Он искал связей. Случай сблизил его с княгиней. Мы видели, как он женился.
Человек более деликатный не довольствовался бы холодным обращением жены своей, но Федоренко был так доволен собой, что не обращал внимания на такие мелочи. Знать вскружила ему голову; восхищение его было невыразимо, когда ему случалось сидеть в театре подле генерала или играть в вист с вельможею. Он нарочно поселился подле княгини и каждый вечер, когда недоставало четвертого, имел честь играть с ее сиятельством и всячески старался проигрывать для поддержания ее благосклонности. Генриетта оставалась одна.
С некоторого времени он в особенности сделался чрезвычайно доволен и важен. Он сторговал – разумеется, как водится, на имя жены своей – прекрасное имение в Малороссии, то самое, где отец его, до вступления в приказные, был дворовым человеком. Это имение было всегда целью его желаний, и по торгам оно оставалось уже за ним. День переторжки был назначен. Федоренко наскоро оделся, вышел в переднюю, надел байковый сюртук и начал надевать галоши.
– Тьфу ты, пропасть! – закричал он вдруг. – Что за дрянь! Калоши проколотые, испорченные… Чьи это калоши? Был здесь кто-нибудь?
– Никак нет, – отвечал человек.
Федоренко смутился. «Калоши мои, кажется: на ноге сидят хорошо. Да кто же их испортил? Неприятно! Я гадости этакой не надену. Пойду без калош – ноги замочу; можно простудиться, схватить насморк, кашель, пожалуй… Очень неприятно!»
Федоренко нанял извозчика и был очень недоволен целый день, тем более что переторжку отсрочили.
Одно за одним
А Шульц?.. А Генриетта?… Что было с ними? Они как будто ожили новою жизнью, и души их с новой силой вооружились против враждебной судьбы. Каждый вечер, когда Федоренко отправлялся к княгине поиграть или повертеться около ее виста, Генриетта отсылала свою горничную, дрожащею рукою отпирала дверь заднего крыльца – и Шульц с трепетом прокрадывался в ее уединенную комнату, и дверь за ними затворялась, и они оставались одни.

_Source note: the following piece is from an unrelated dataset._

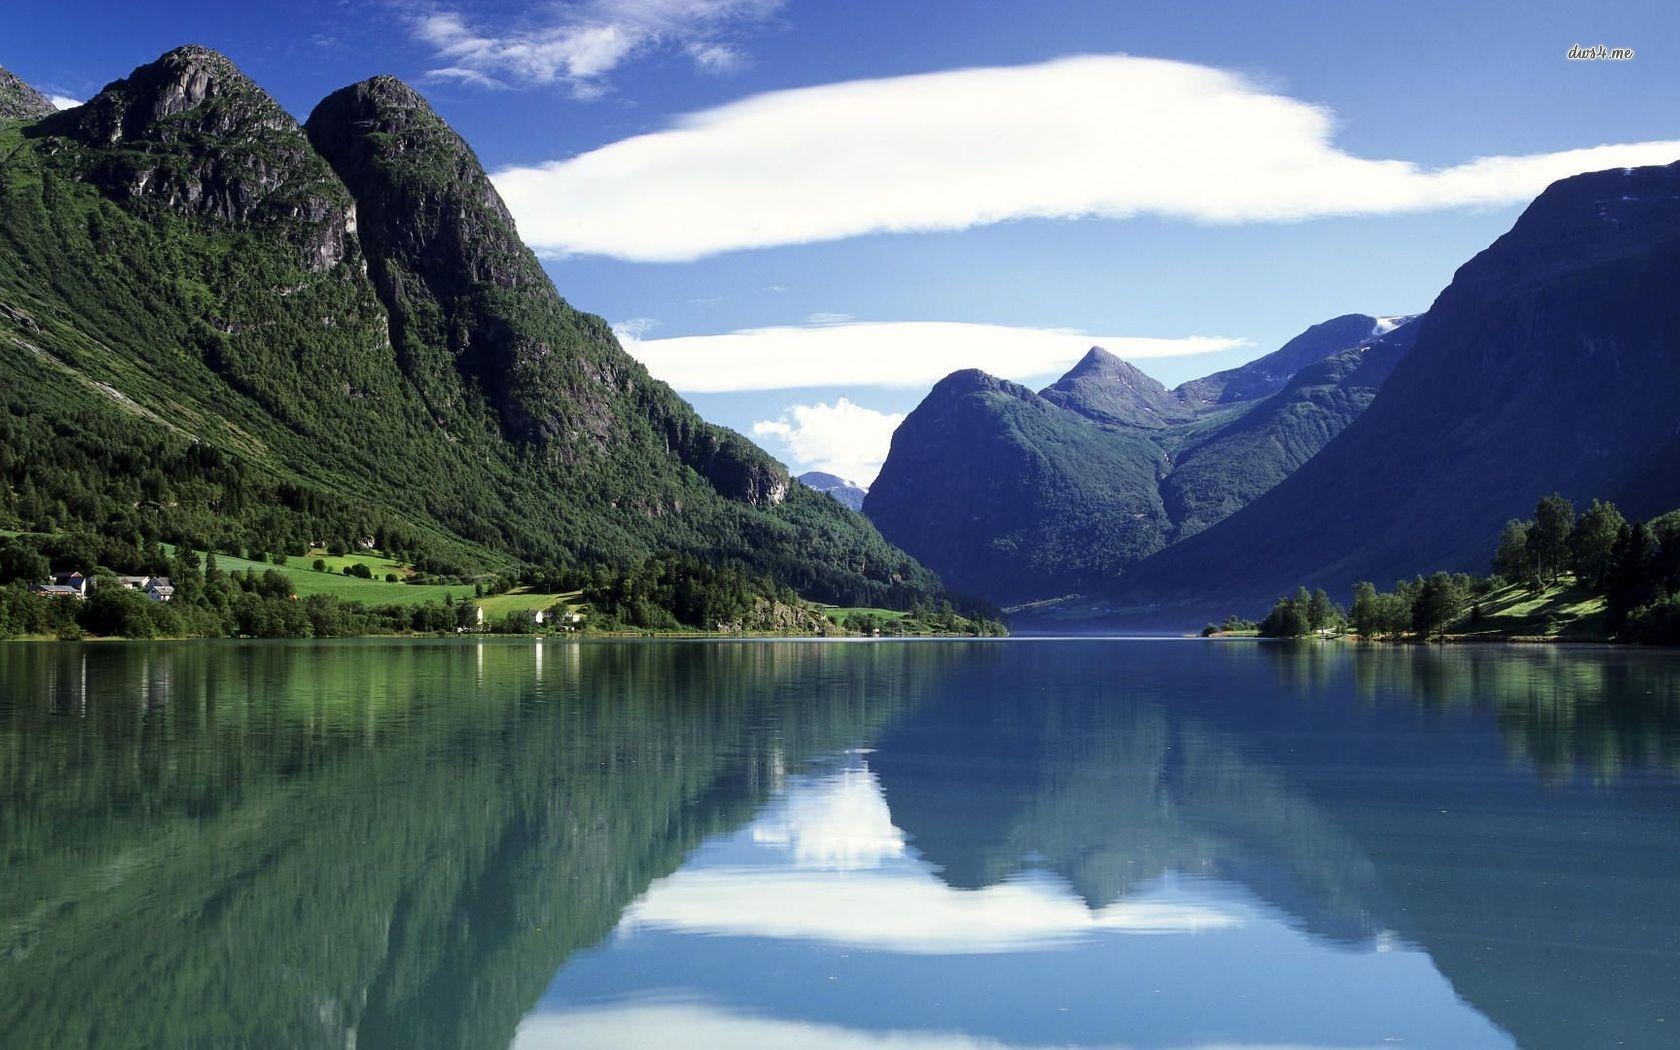 nature photo wallpaper,natural landscape,mountainous landforms,nature,body of water,mountain

Но беседа их была чиста и безгрешна. Модный человек насмеялся бы вдоволь, глядя на них. Иногда они молчали оба; иногда Шульц рассказывал про свое детство, про старичка органиста своего незабвенного, иногда Генриетта припоминала и прежнюю жизнь свою, и первое знакомство с Шульцем, и посвящение свое в таинство музыки. Тогда Шульц садился у ног ее на скамейке и, глядя на нее с благоговением, сливал свой огненный взор с ее небесным взором. И в этом длинном, упоительном взгляде выражались и скорбь прошедшего, и счастье настоящего, и какое-то неясное упование на лучшую, неизвестную участь.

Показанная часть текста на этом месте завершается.